Michael Kohn Gallery is pleased to present a concentrated selection of inkblot and felt-tip drawings by Bruce Conner. Created between the early 1960s through the 2000s, the collection of drawings examines a pivotal yet comparatively underrecognized aspect of Conner’s multimedia practice. The exhibition opens February 18, 2026, and will be on view concurrently with It Don’t Mean a Thing (If It Ain’t Got That Swing): 100 Years of Wallace Berman.

While Bruce Conner (1933–2008) is widely celebrated for his contributions to assemblage, experimental film, and performance, drawing remained a critical and continuous site of investigation throughout his career. The meticulous inkblots presented in this exhibition—produced through folding and mirroring techniques—are an articulation of natural symmetry, insects, bird and fish shapes into what Conner described as a “linear freedom of movement.”

Presented alongside the airy, aqueous, and elemental inkblot drawings are early works on paper such as NEON NIGHT WITCHITA, KANSAS, 1963, which display fields of cross-hatching free from the constraints of formal tightening and reduction. Conner’s nuanced and repetitive lines draw space into and out of the second dimension and reflect a deep interest in automatism and the generative potential of material process. Informed by Surrealist strategies and the visual language of Rorschach tests, these works activate a space in which authorship is partially relinquished, and meaning remains perpetually unstable.
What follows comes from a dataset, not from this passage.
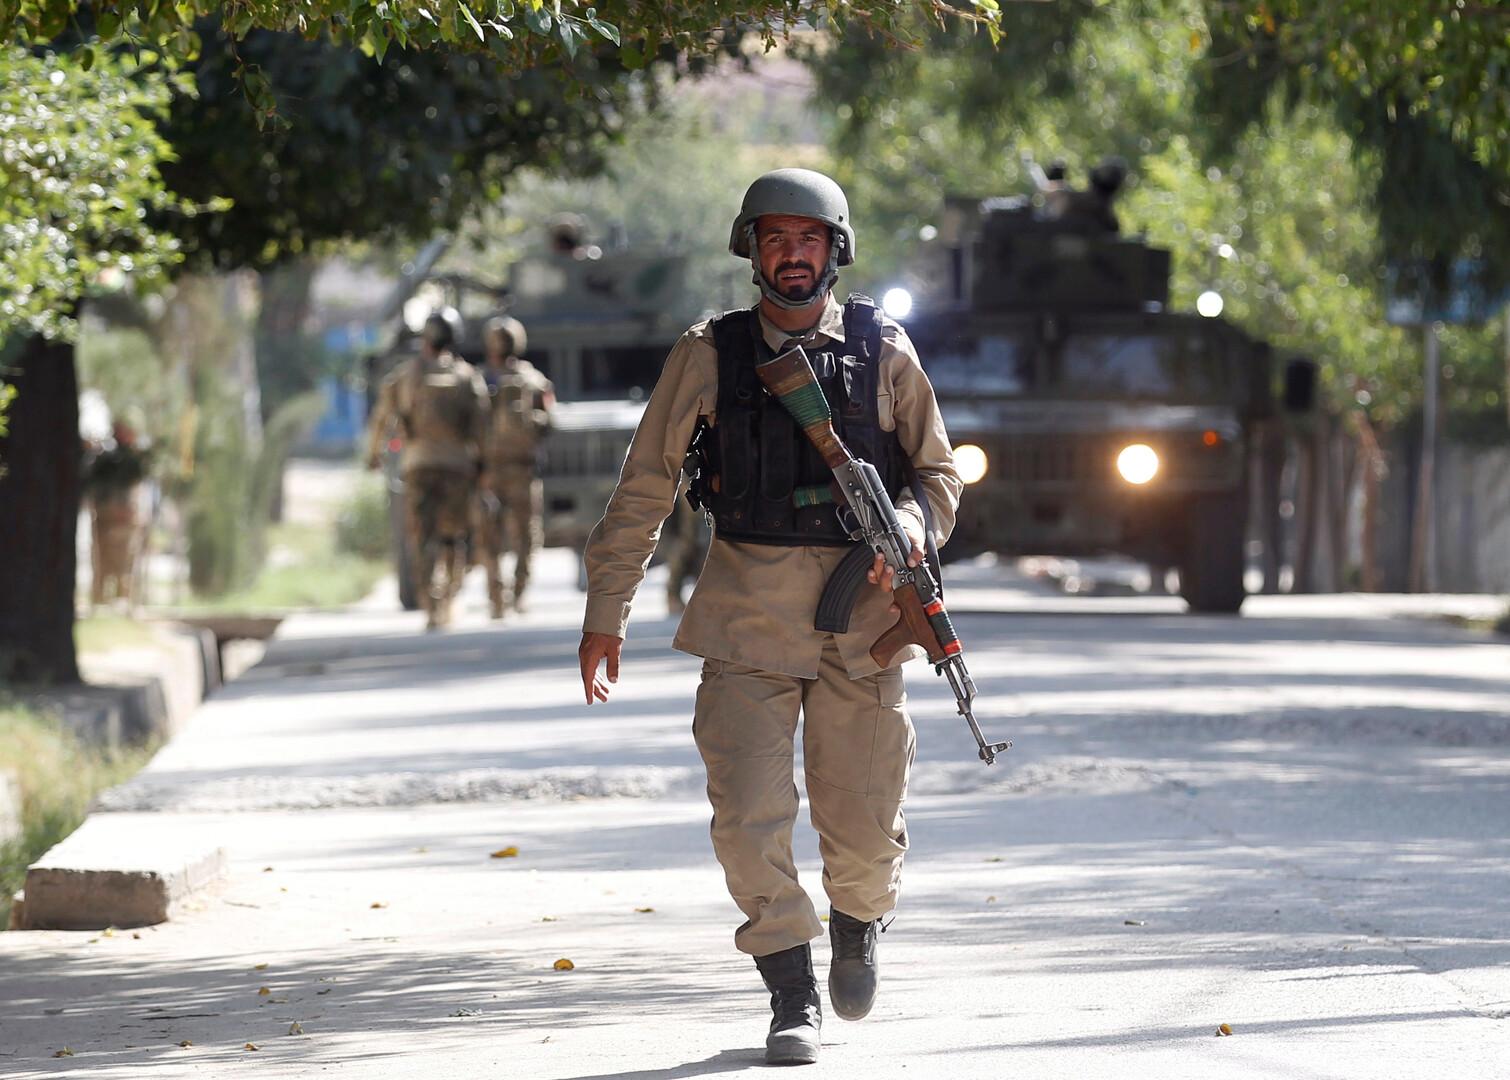 بعد تفجير ننكرهار.. موسكو تدعو سلطات أفغانستان إلى تعزيز تدابير مكافحة الإرهاب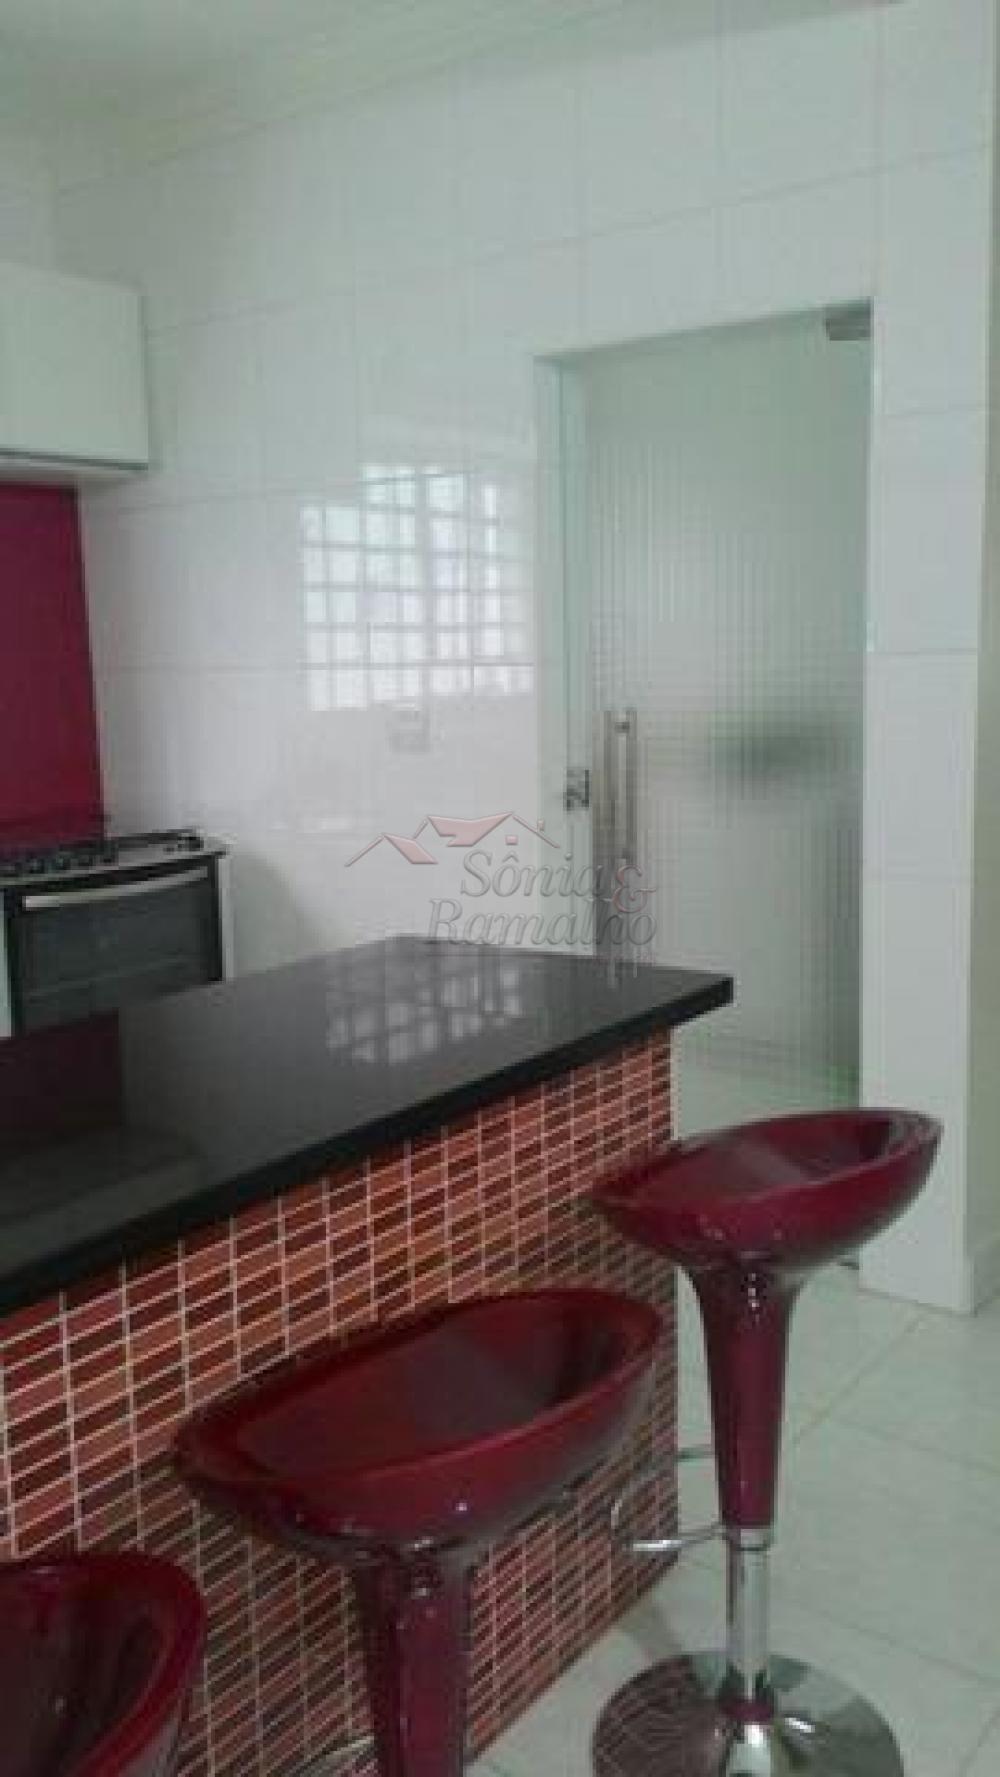 Comprar Casas / Padrão em Ribeirão Preto apenas R$ 550.000,00 - Foto 12

Markedly resonant with other  20th-century Post-War contemporaries like Brice Marden, Willem de Kooning and Lee Krasner, Conner’s works on paper constitute a uniquely striking gestural style. His high-quality corpus of work is held in major museum collections worldwide, including The Centre Pompidou, Paris; The Museum of Modern Art, New York; the Whitney Museum of American Art; San Francisco Museum of Art; and Los Angeles County Museum of Art. 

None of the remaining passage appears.